- EUR/USD starts the week on a better mood.
- German Retail Sales expanded 0.5% MoM in August.
- Draghi noted that stimulus might last a long time.
The single currency has started the week on a positive footing and is lifting EUR/USD to the 1.0940 region, or daily highs.
EUR/USD looks to German docket, trade
Spot is adding to Friday’s gains and is extending the rebound from fresh 2019 lows in levels just above 1.09 the figure, always on the back of the ongoing correction lower in the Greenback.
Trade jitters appear to have returned to the fore today following news that the White House could delist some Chinese companies from US markets and limit US investments in China.
Earlier in the day, President M.Draghi stressed that most of the risks facing the euro area come from outside the region, while added that the monetary stimulus could stay for a long time.
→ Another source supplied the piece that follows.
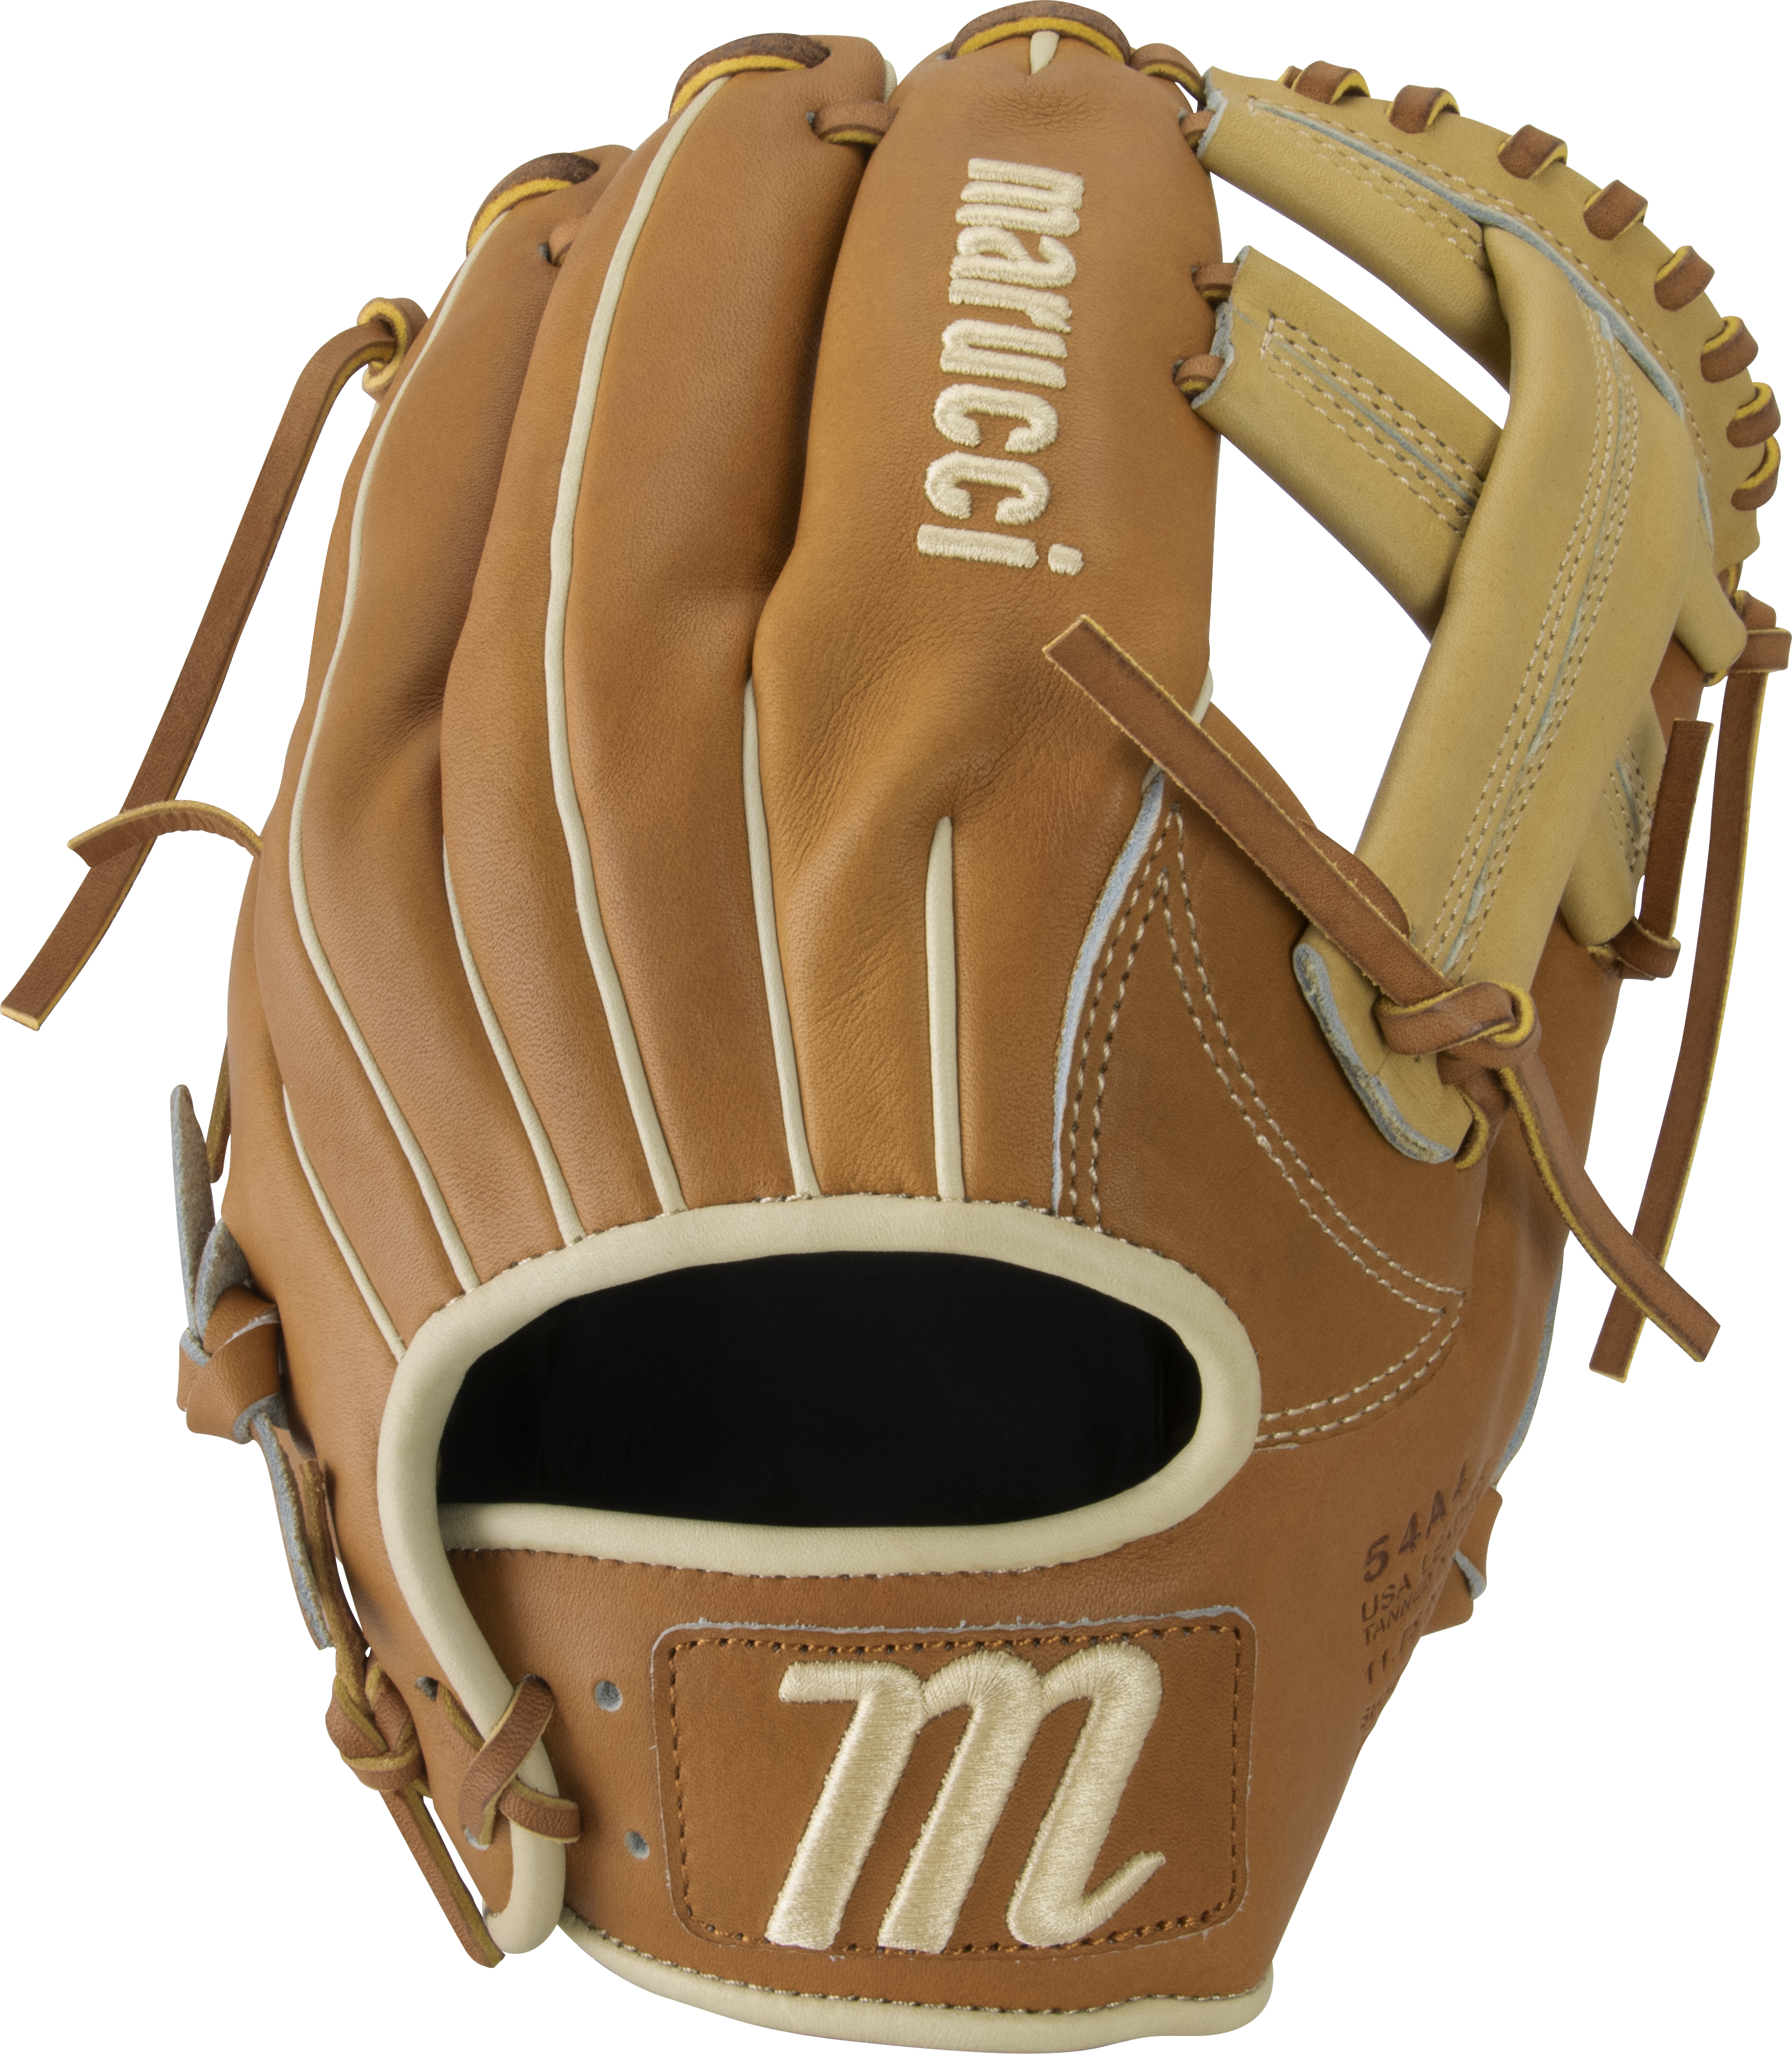 • Premium Japanese-tanned steerhide leather provides stiffness and rugged durability • Extra-smooth cowhide lining with padding-wrapped thumb and pinky loops • Professional-grade USA rawhide laces from Tennessee Tanning Co. • Moisture-wicking mesh wrist lining with added padding.
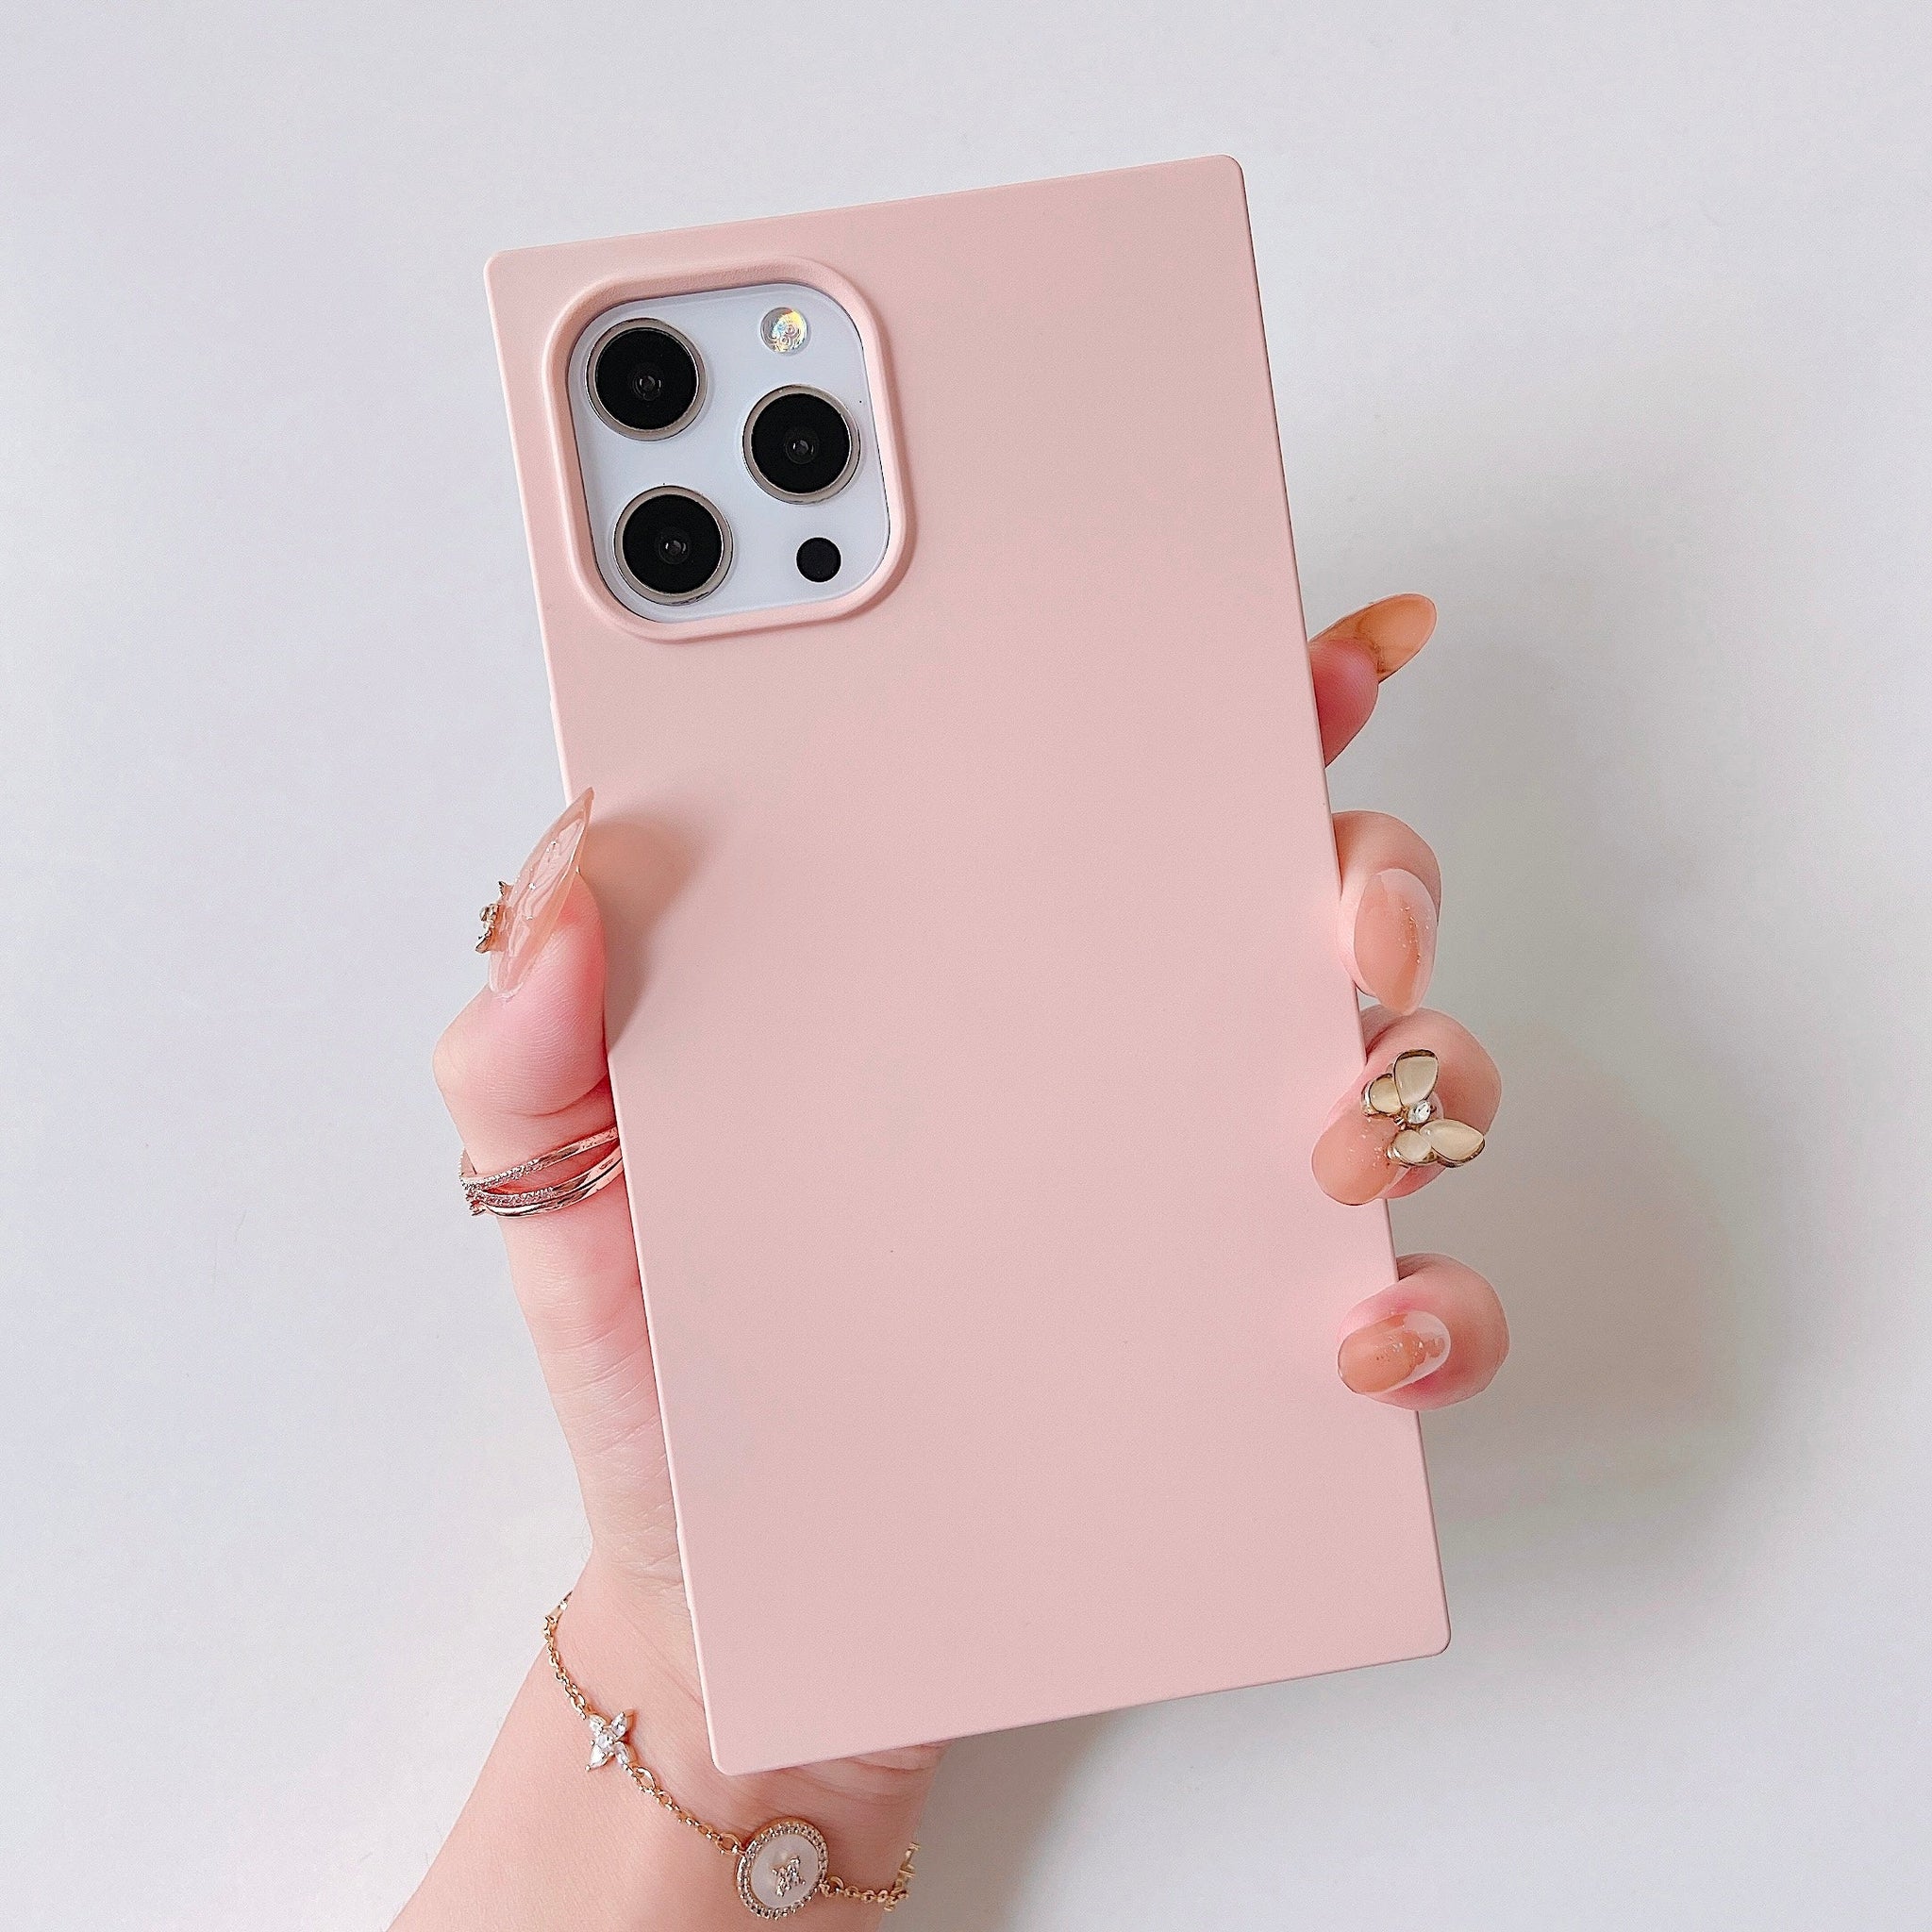 iPhone 12 Pro Max Case Square Silicone (Chalk Pink)

In the docket, German Retail Sales expanded at a monthly 0.5% during august and 3.2% from a year earlier. Later, the German labour market figures are due seconded by advanced inflation data for the current month.
What to look for around EUR
EUR dropped to new 2-year lows vs. the Greenback in levels just above 1.09 the figure last week, as investors’ sentiment remains sour and without any hint of getting any better, at least in the near/medium term. In fact, the slowdown in the euro area stays far from abated and carries the potential to deteriorate further, as per the latest PMIs in core Euroland and despite the lacklustre improvement in a couple of German sentiment gauges. Speaking of Germany, the likeliness that the country could slip back into recession in the third quarter just adds to the already gloomy panorama for the bloc and weighs further on the single currency. The unremitting slowdown in the region does nothing but justify the ‘looser for longer’ monetary stance by the ECB. On another front, potential US tariffs on imports of EU cars remain well on the table, while the Brexit limbo and UK politics adds to the ongoing concerns.
EUR/USD levels to watch
At the moment, the pair is gaining 0.03% at 1.0943 and faces the next resistance at 1.1009 (21-day SMA) followed by 1.1109 (monthly high Sep.13) and finally 1.1163 (high Aug.26). On the flip side, a breach of 1.0904 (2019 low Sep.3) would target 1.0839 (monthly low May 11 2017) en route to 1.0569 (monthly low Apr.10 2017).